2009-Apr-20 20:28 UTC

head link

[zfs-discuss] simulating directio on zfs?

Andrew Robb wrote:> Richard Elling wrote:
>> Andrew Robb wrote:
>>> I had to let this go and get on with testing DB2 on Solaris. I had 
>>> to abandon zfs on local discs in x64 Solaris 10 5/08.
>>
>> This version does not have the modern write throttle code, which
>> should explain much of what you experience.  The fix is available
>> in Solaris 10 10/08.  For more info, see Roch''s excellent blog
>> http://blogs.sun.com/roch/entry/the_new_zfs_write_throttle
>>
>> One CR to reference is
>> http://bugs.opensolaris.org/view_bug.do?bug_id=6429205
>>
>> IMHO, if you are trying to make performance measurements on such
>> old releases, then you are at great risk of wasting your time.  You
>> would be better served to look at more recent releases, within the
>> constraints of your business, of course.
>> -- richard
>>
> This still misses the BIG point - DIRECTIO primarily tries to avoid 
> data entering the file system cache (the database already caches it in 
> its own much larger buffer pools). For this big-iron cluster, once 
> written, the table data is only read back from file if the database is 
> restarted. I suppose the same is also true of transaction logs, which 
> are only replayed as part of data recovery. Typically, a database will 
> be fastest if it avoids the file system altogether. However, this is 
> difficult to manage and we will benefit greatly if file systems are 
> nearly as fast as raw devices.
>
There are a lot of misunderstandings surrounding directio.
UFS directio offers the following 4 features:
    1. no buffer cache  (ZFS: primarycache property)
    2. concurrent I/O  (ZFS: concurrent by design)
    3. async I/O code path (ZFS: more modern code path)
    4. long urban myth history (ZFS: forgetaboutit ;-)

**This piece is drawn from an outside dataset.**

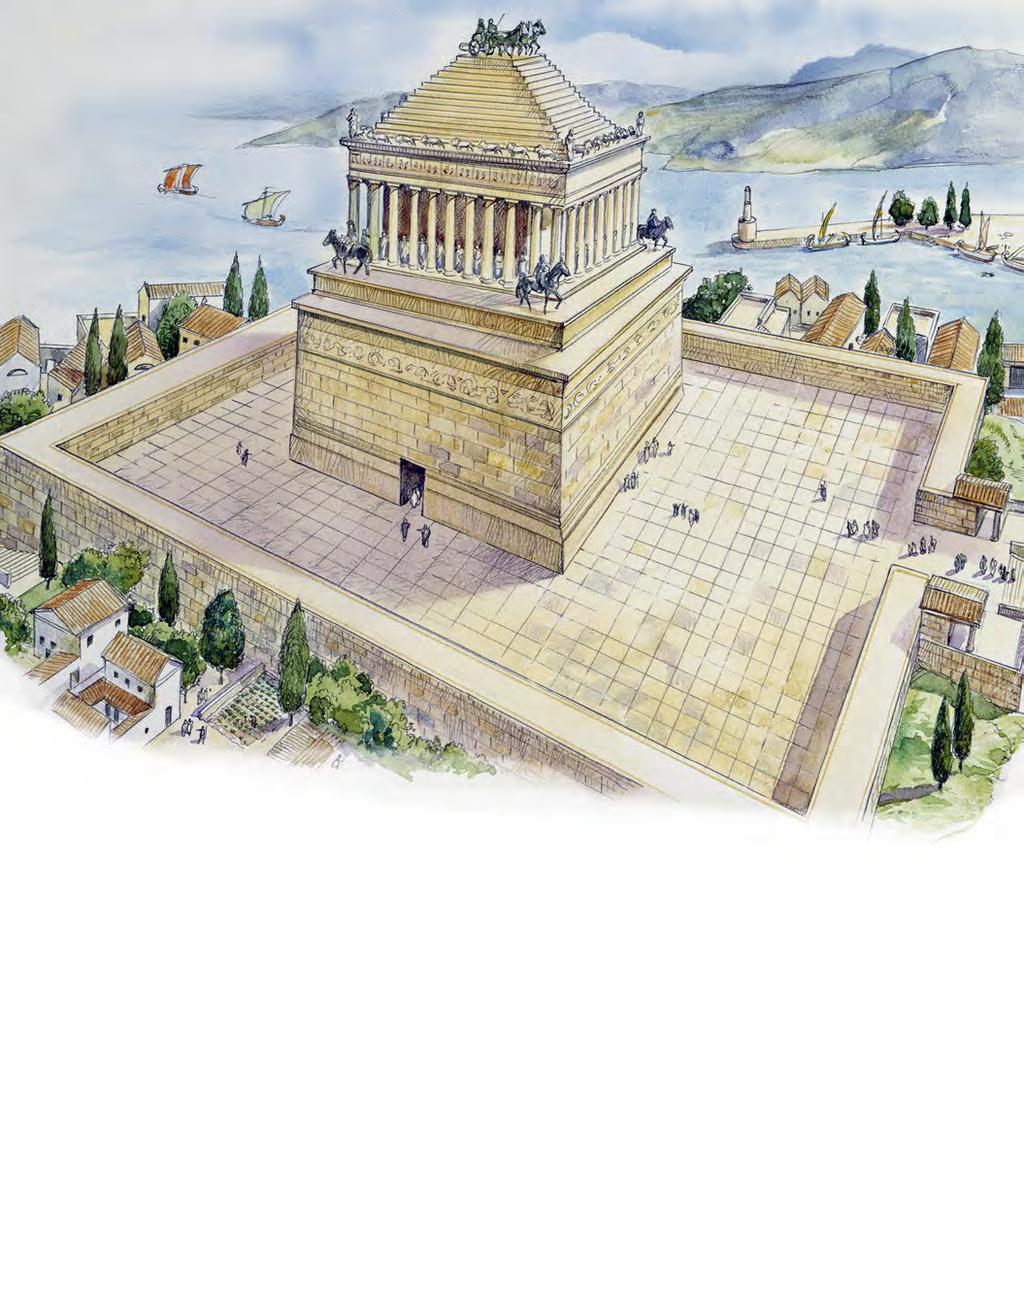 Mausoleum at Halicarnassus (modern-day Turkey) Mausoleum at

The following pointers might be useful for you.
http://blogs.sun.com/bobs/entry/one_i_o_two_i
http://blogs.sun.com/roch/entry/people_ask_where_are_we

What is missing from the above (note to self: blog this :-) is that
you can limit the size of the buffer cache and control what sort
of data is cached via the "primarycache" parameter.  It really
doesn''t make  a lot of sense to have zero buffer cache since
*any* disk IO is going to be much, much, much more painful than
any bcopy/memcpy.

If you really don''t want the ARC resizing on your behalf, then you
can cap it, as we describe in the Evil Tuning Guide.
http://www.solarisinternals.com/wiki/index.php/ZFS_Evil_Tuning_Guide#Limiting_the_ARC_Cache
But I think you''ll find that the write throttle change is the big win
and that primarycache gives you fine control of cache behaviour.
 -- richard

Andrew Robb

2009-Apr-21 08:07 UTC

head link

[zfs-discuss] simulating directio on zfs?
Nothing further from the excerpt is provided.